Quantification of the Novel N-methyl-d-aspartate Receptor Ligand [11C]GMOM in Man.

[C-11] GMOM (carbon-11 labeled N-(2-chloro-5-thiomethylphenyl)-N'-(3-[C-11] methoxy-phenyl)-N'-methylguanidine) is a PET ligand that binds to the N-methyl-D-aspartate receptor with high specificity and affinity. The purpose of this first in human study was to evaluate kinetics of [C-11] GMOM in the healthy human brain and to identify the optimal pharmacokinetic model for quantifying these kinetics, both before and after a pharmacological dose of S-ketamine. Dynamic 90 min [C-11] GMOM PET scans were obtained from 10 subjects. In six of the 10 subjects, a second PET scan was performed following an S-ketamine challenge. Metabolite corrected plasma input functions were obtained for all scans.

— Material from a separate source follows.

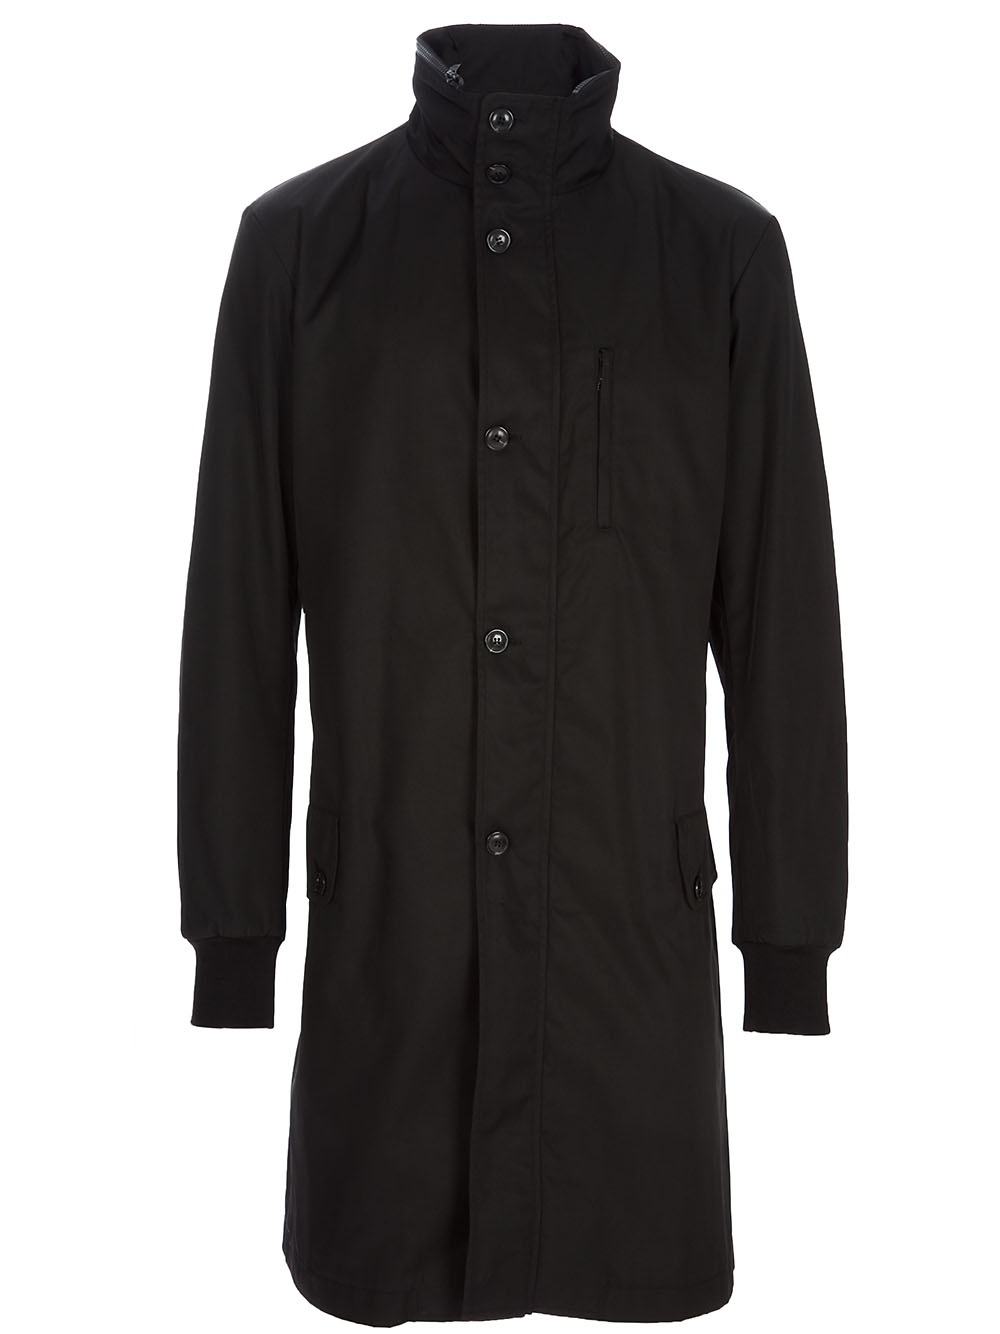 Y-3 Trench Coat in Black for Men | Lyst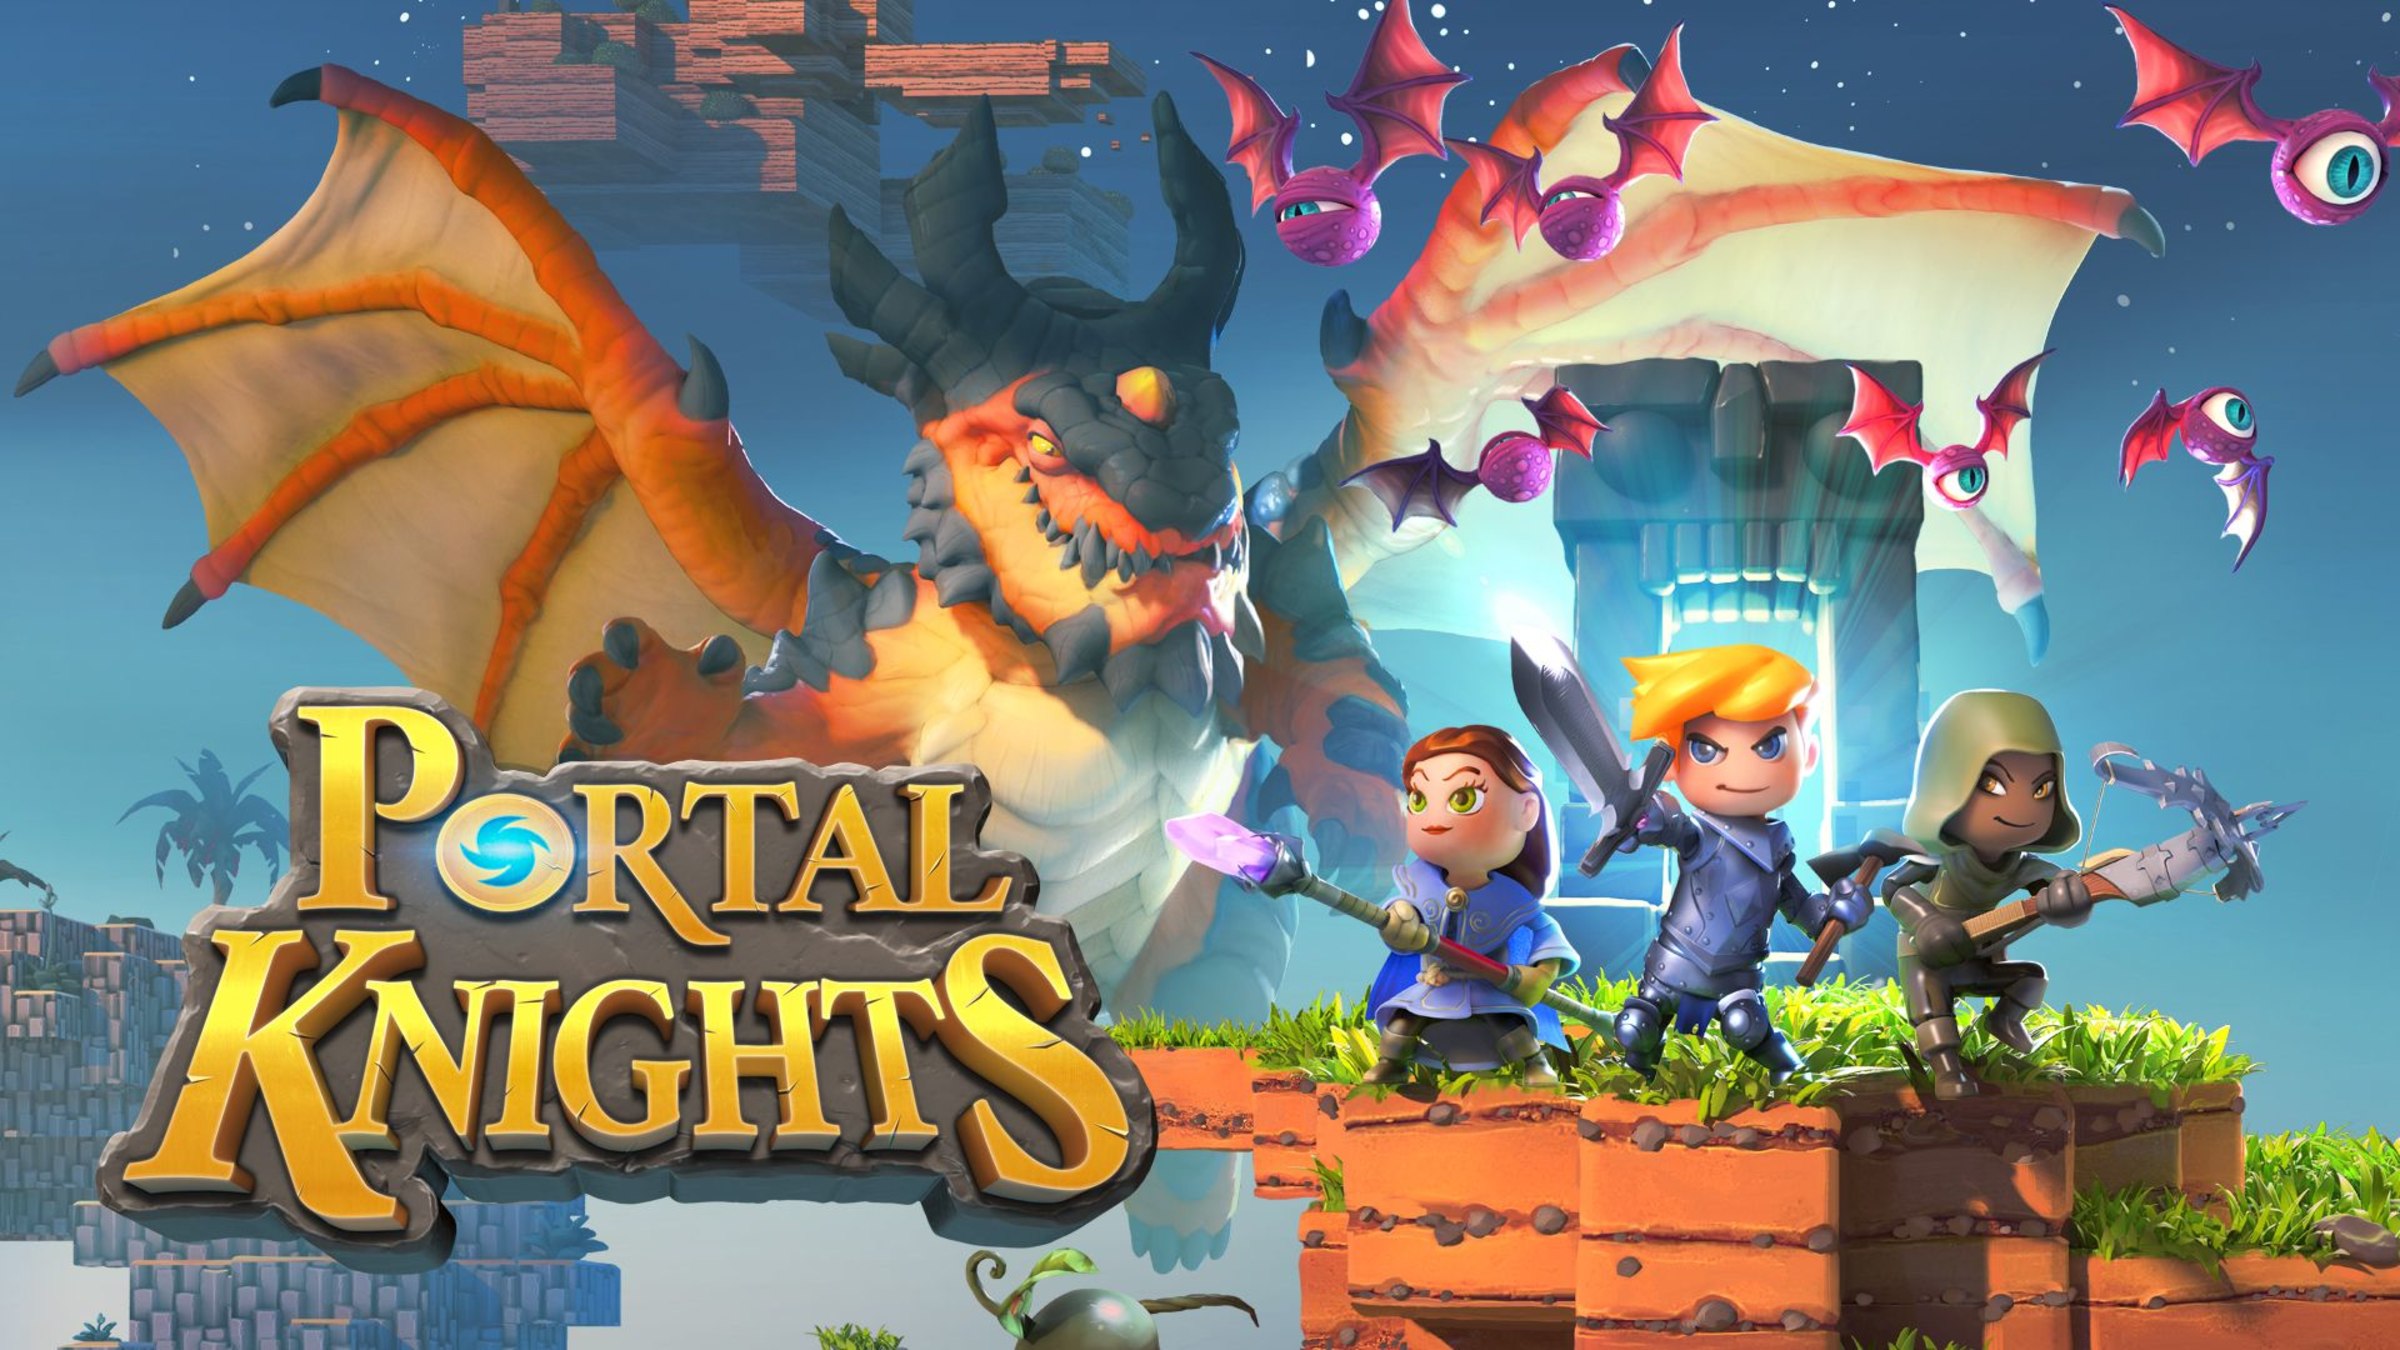 Портал кнайт. Portal Knights. Таблички Portal Knights. Portal Knights villainous. Portal Knights монстры.

Regional time activity curves were fitted to various single-and two-tissue compartment models. Best fits were obtained using a two-tissue irreversible model with blood volume parameter. The highest net influx rate (Ki) of [C-11] GMOM was observed in regions with high N-methyl-D-aspartate receptor density, such as hippocampus and thalamus. A significant reduction in the Ki was observed for the entire brain after administration of ketamine, suggesting specific binding to the N-methyl-D-aspartate receptors. This initial study suggests that the [C-11] GMOM could be used for quantification of N-methyl-D-aspartate receptors.